*** Begin section ***
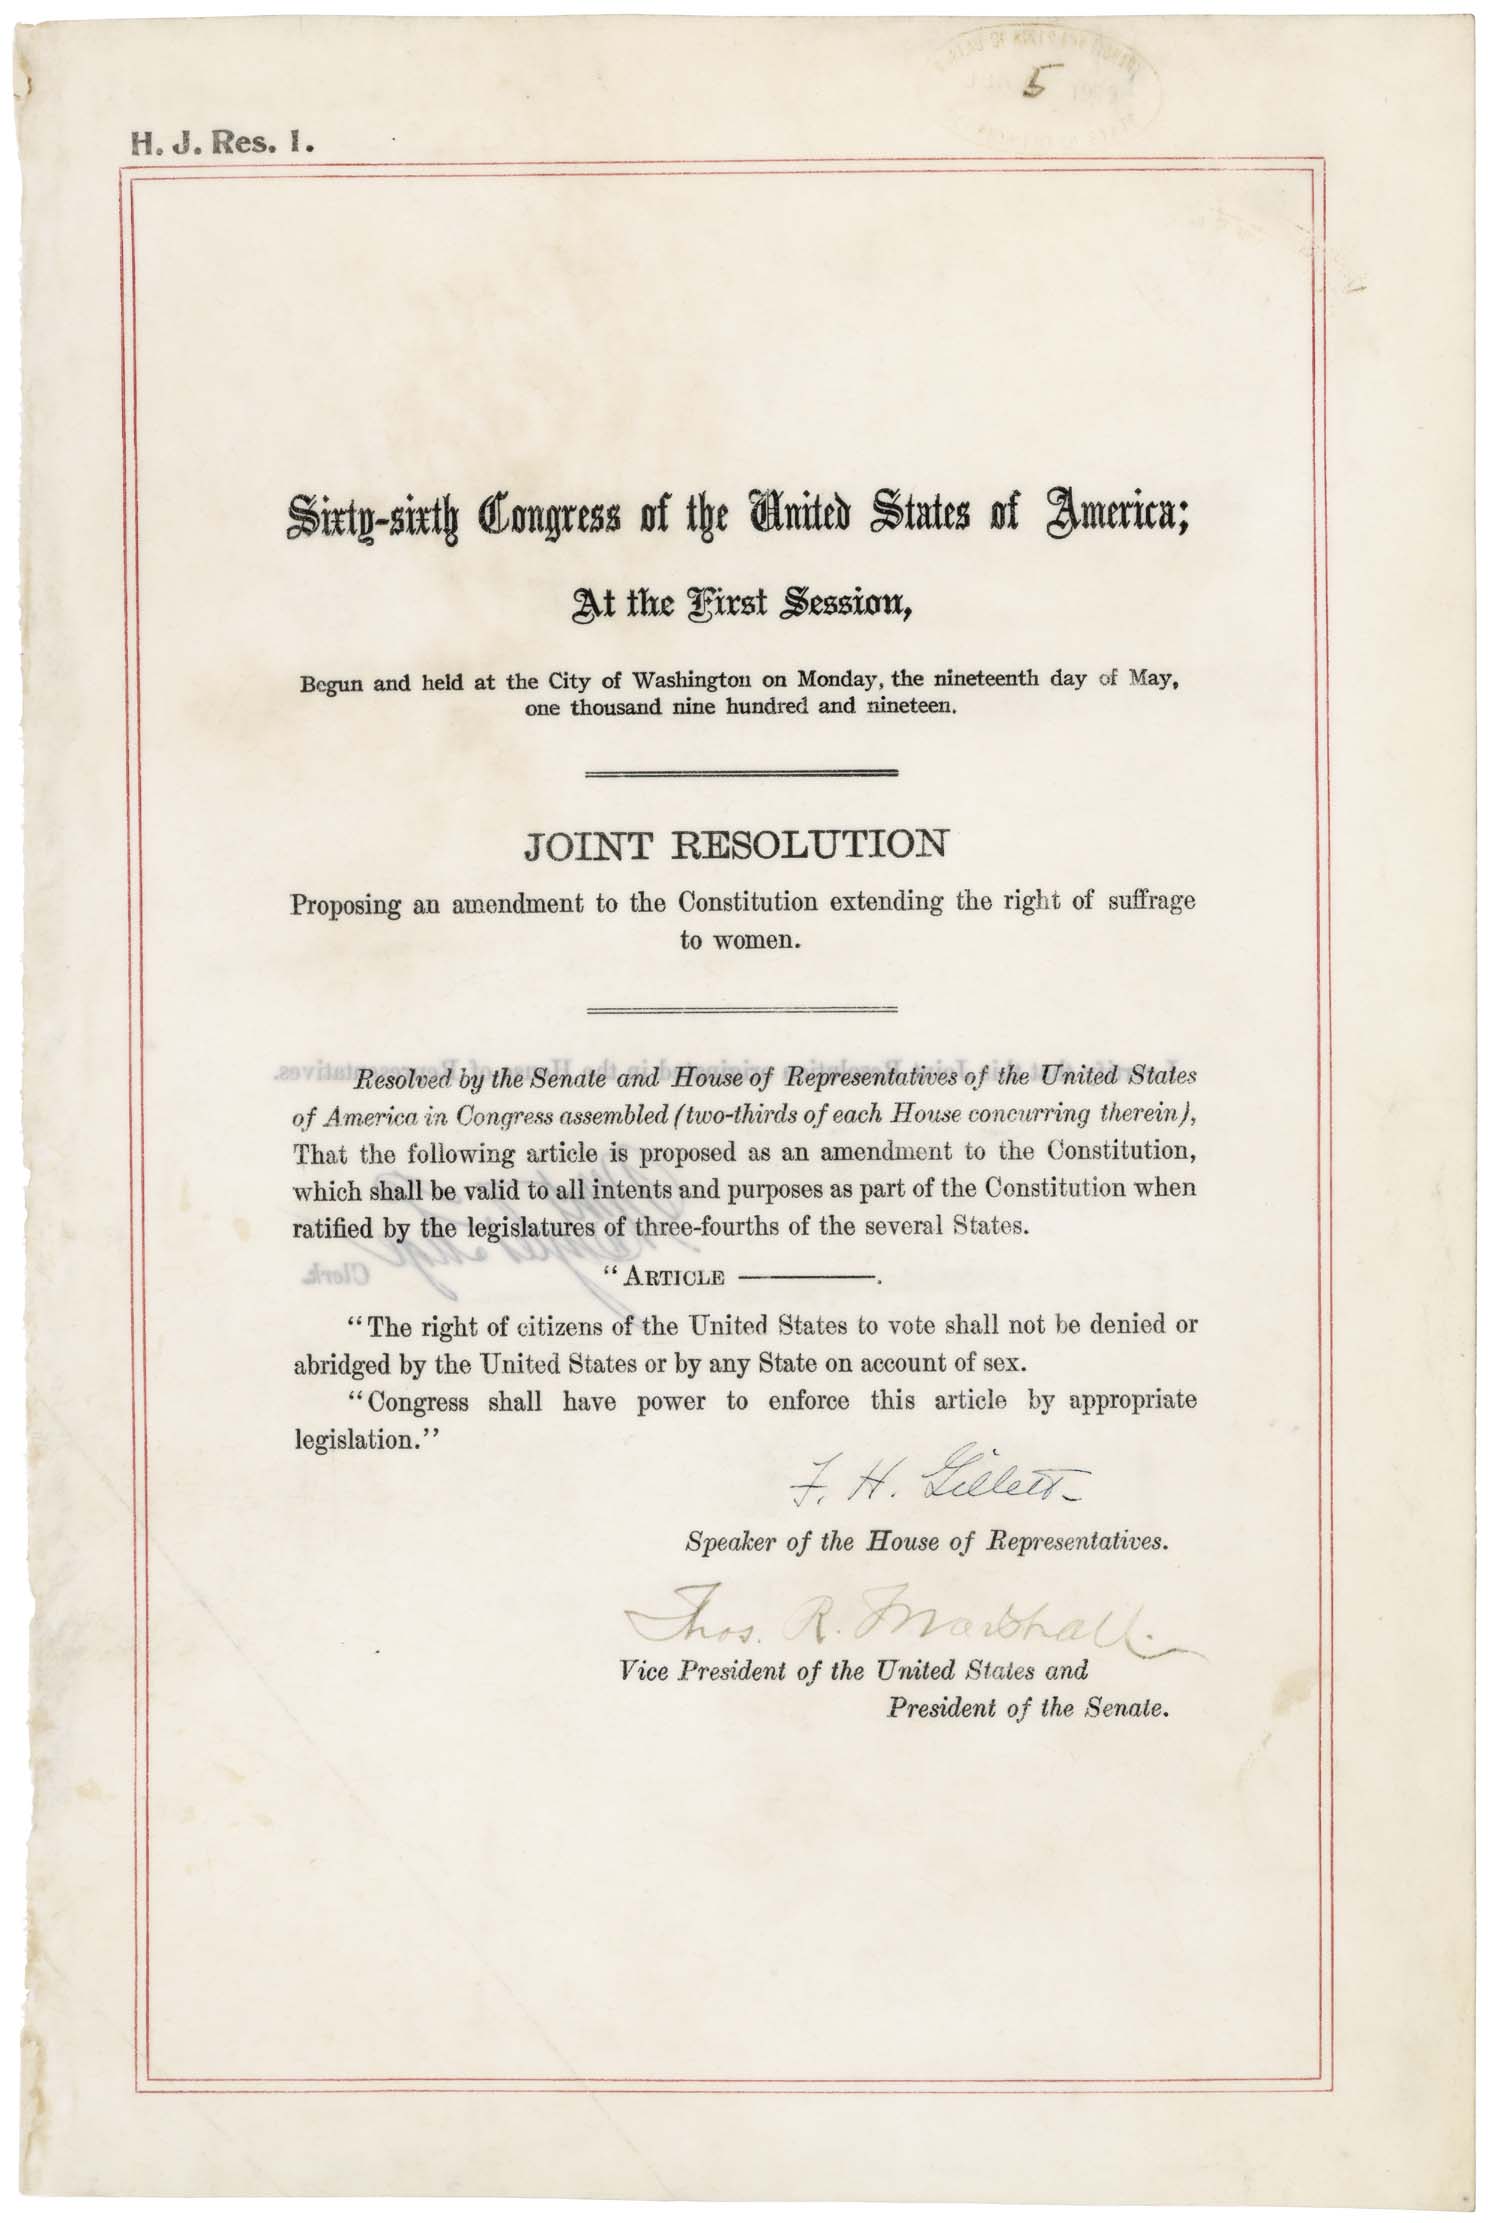 19th Amendment to the US Constitution
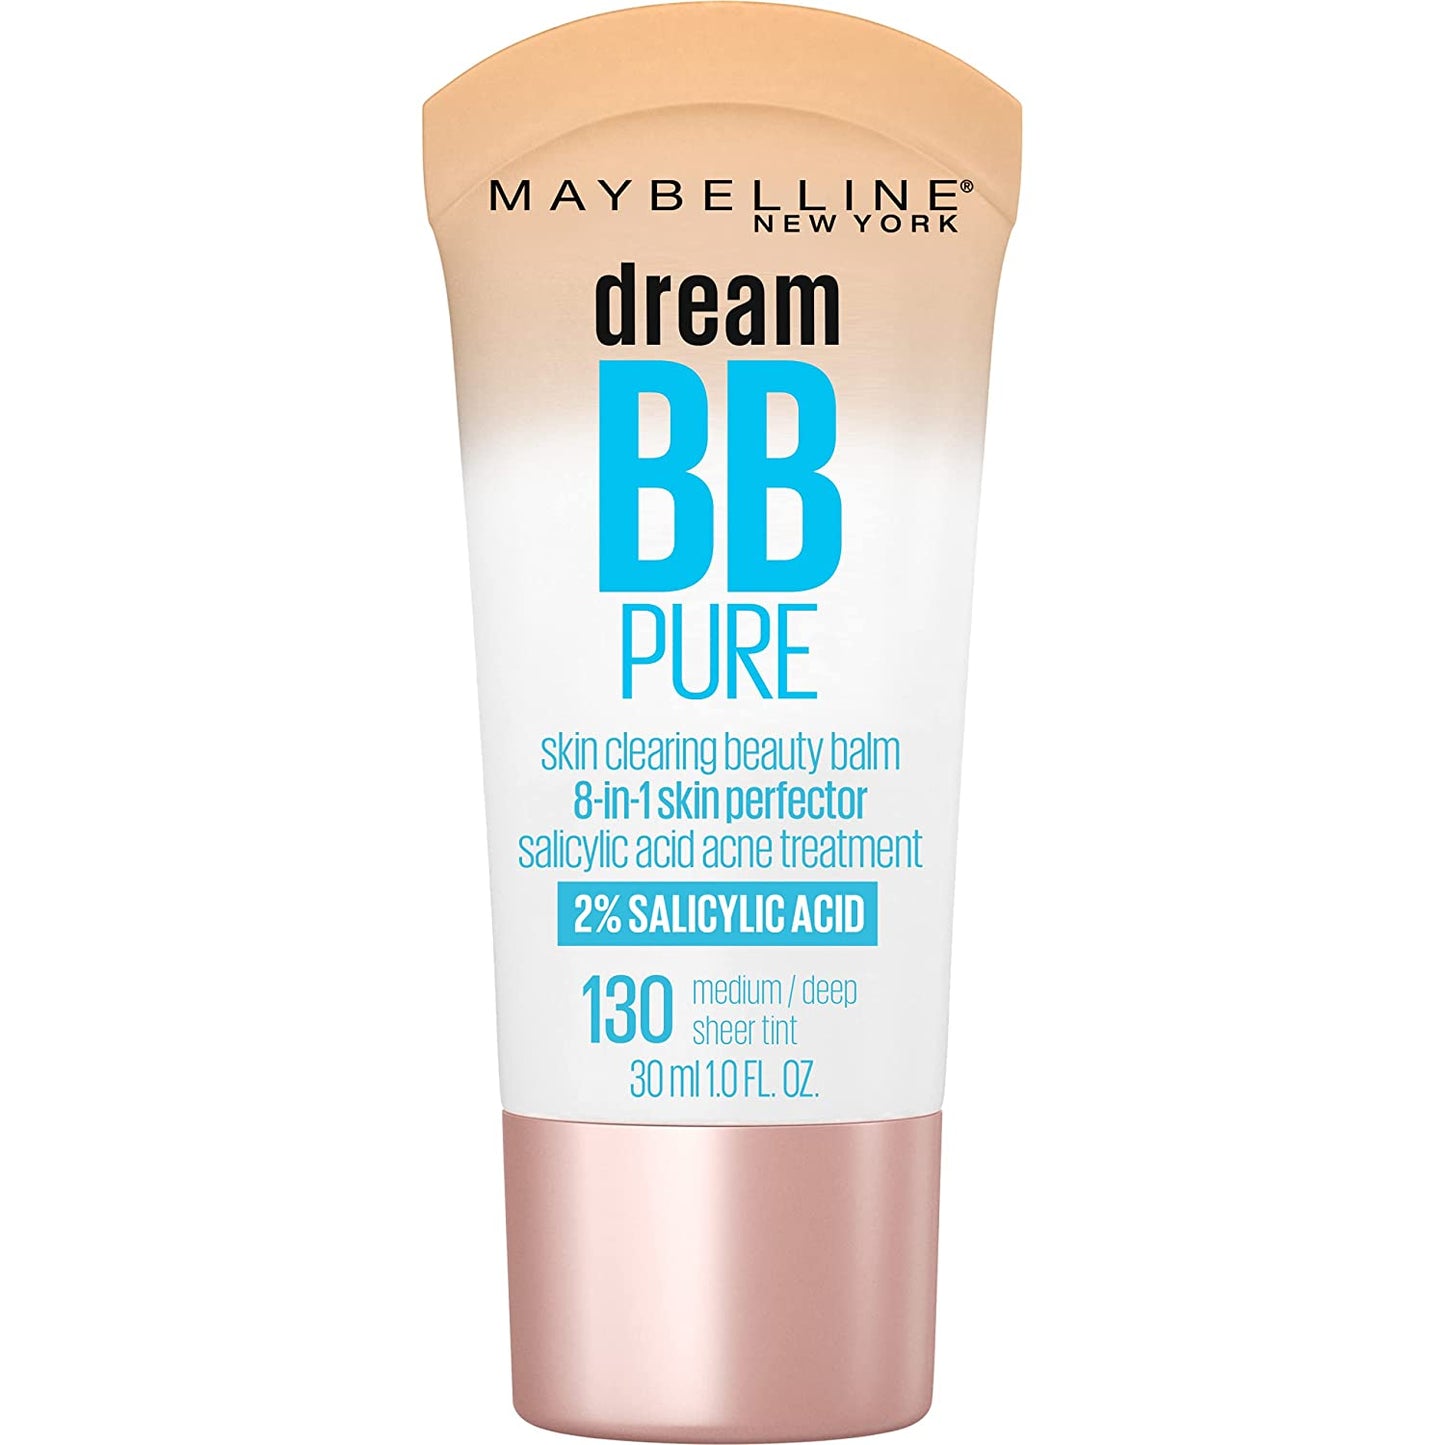 Maybelline New York Dream BB Pure with Sheer Tint Coverage - 30ml / 1.0 fl oz
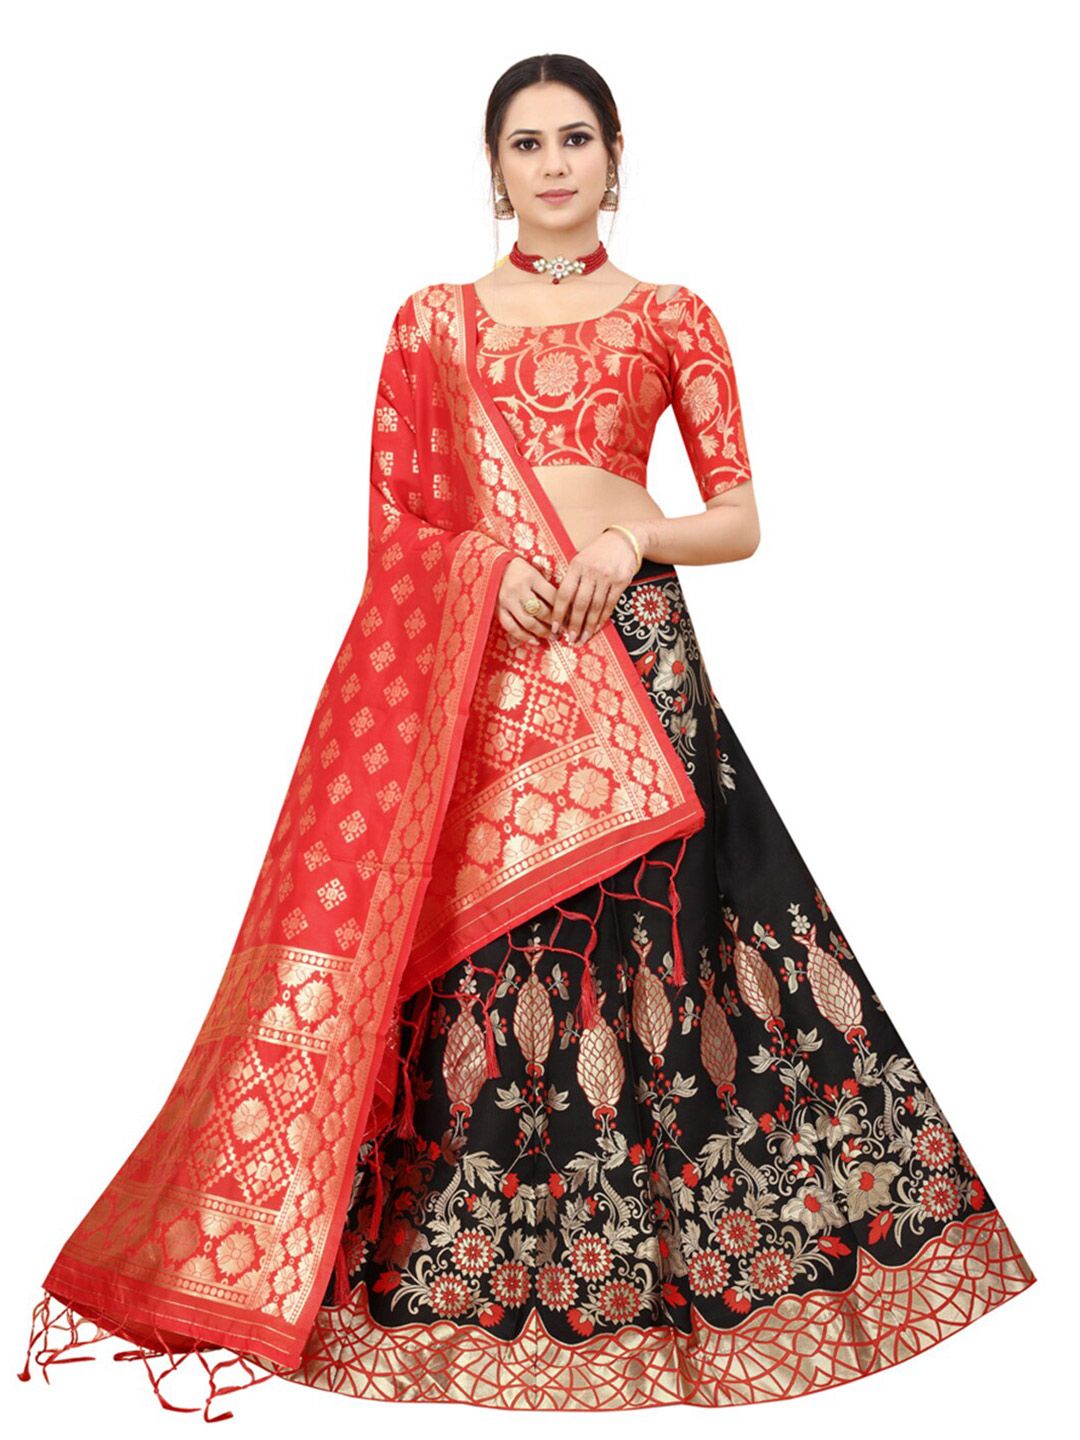 Xenilla Black & Red Embroidered Semi-Stitched Lehenga & Blouse With Dupatta Price in India
*** End section ***
About this task – The listing must be returned in full and exactly, apart from its pictures.

Task result –
 19th Amendment to the US Constitution
 Maybelline New York Dream BB Pure with Sheer Tint Coverage - 30ml / 1.0 fl oz
 Xenilla Black & Red Embroidered Semi-Stitched Lehenga & Blouse With Dupatta Price in India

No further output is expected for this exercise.